Mathematics Advanced • Year 11 • Module 3 • Lesson 10
Integration
Practise HSC-style writing on integration — including a structured "recover the function then interpret" extended response.
1. Short-answer questions
1.1 Find ∫ (4x³ − 6x² + 2) dx. 2 marks Band 3
1.2 Find ∫ (2x⁴ + 3x²)/x dx. Simplify the integrand before applying the power rule. 3 marks Band 3-4
1.3 Given f′(x) = 6x² − 4x + 1 and f(2) = 10, find f(x). 4 marks Band 4
Stuck on 1.3? Integrate first to get f(x) + C; substitute the known value to solve for C.2. Extended response
2.1 A particle moves along a straight line with acceleration (in m/s²)
a(t) = 6t − 4, t ≥ 0.
At t = 0 the particle is at the origin with velocity v(0) = 1 m/s.

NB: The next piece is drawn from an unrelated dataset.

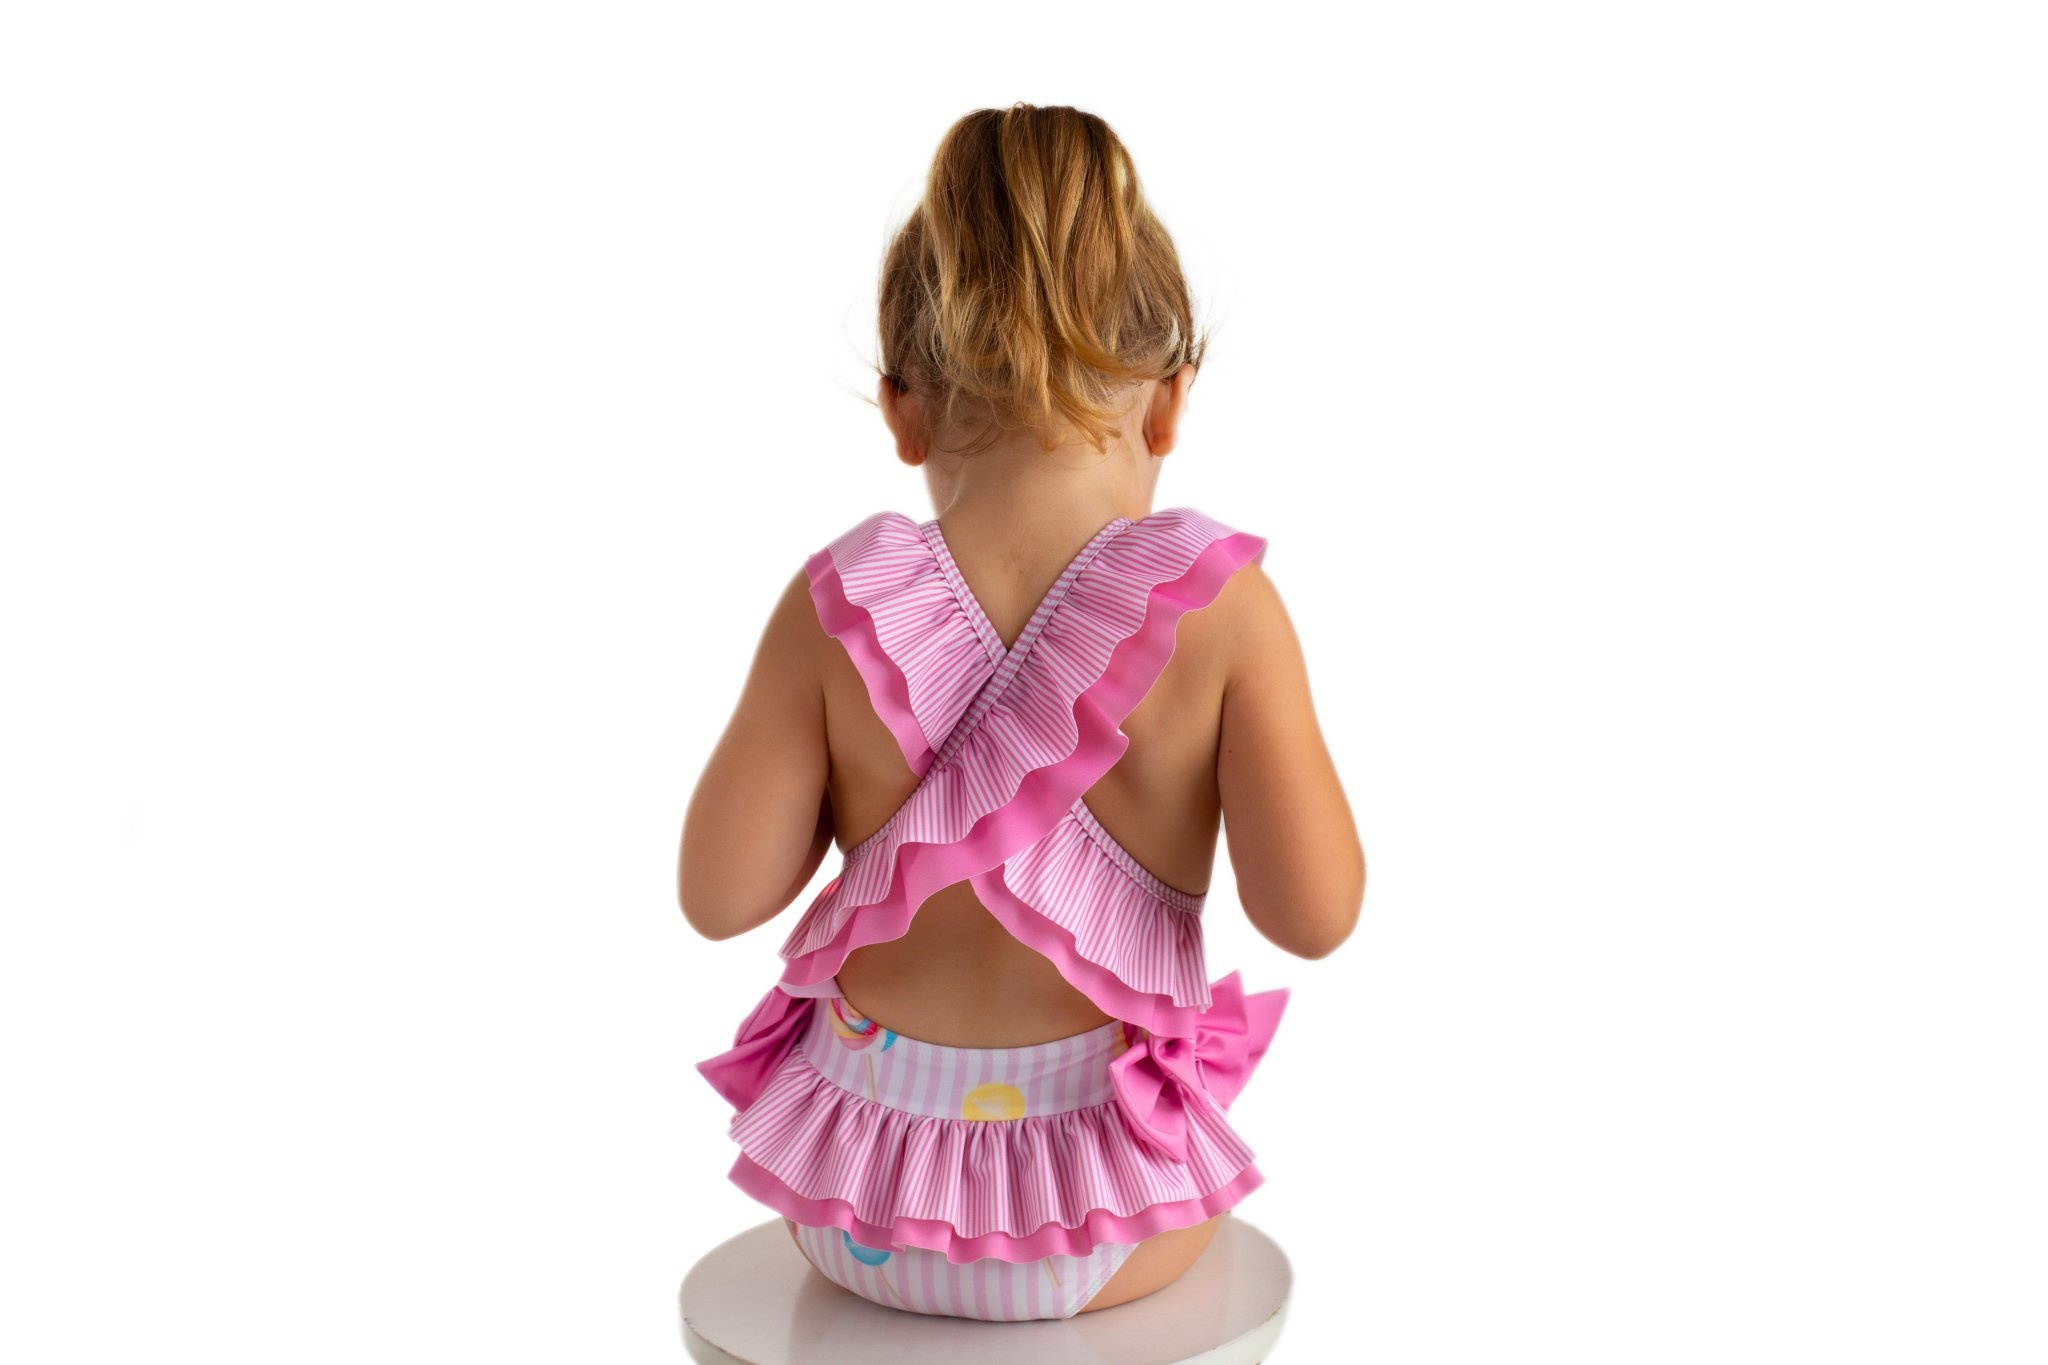 Meia Pata Meia Pata Lollipop Swimming Costume S21

(a) Find a general expression for the velocity v(t) by integrating a(t), and determine the specific v(t) using v(0).
(b) Find a general expression for the displacement s(t) by integrating v(t), and determine the specific s(t) using s(0) = 0.
(c) Hence find the displacement of the particle at t = 3 s, and the velocity at that instant.
(d) Verify your s(t) by differentiating it twice and confirming you recover a(t). 8 marks Band 5-6
Explicit marking criteria
Part (a) — 2 marks
• 1 mark — integrates a(t): v(t) = 3t² − 4t + C₁.
• 1 mark — uses v(0) = 1 to find C₁ = 1; states v(t) = 3t² − 4t + 1.
Part (b) — 2 marks
• 1 mark — integrates v(t): s(t) = t³ − 2t² + t + C₂.
• 1 mark — uses s(0) = 0 to find C₂ = 0; states s(t) = t³ − 2t² + t.
Part (c) — 2 marks
• 1 mark — s(3) = 27 − 18 + 3 = 12 m.
• 1 mark — v(3) = 27 − 12 + 1 = 16 m/s.
Part (d) — 2 marks
• 1 mark — differentiates s(t) once: s′(t) = 3t² − 4t + 1 = v(t). ✓
• 1 mark — differentiates again: s″(t) = 6t − 4 = a(t). ✓ Confirms the integration was correct.
Your response:
Stuck on (d)? Use the differentiation rules from earlier in this module; the verification should reduce back to a(t) = 6t − 4.How did this worksheet feel?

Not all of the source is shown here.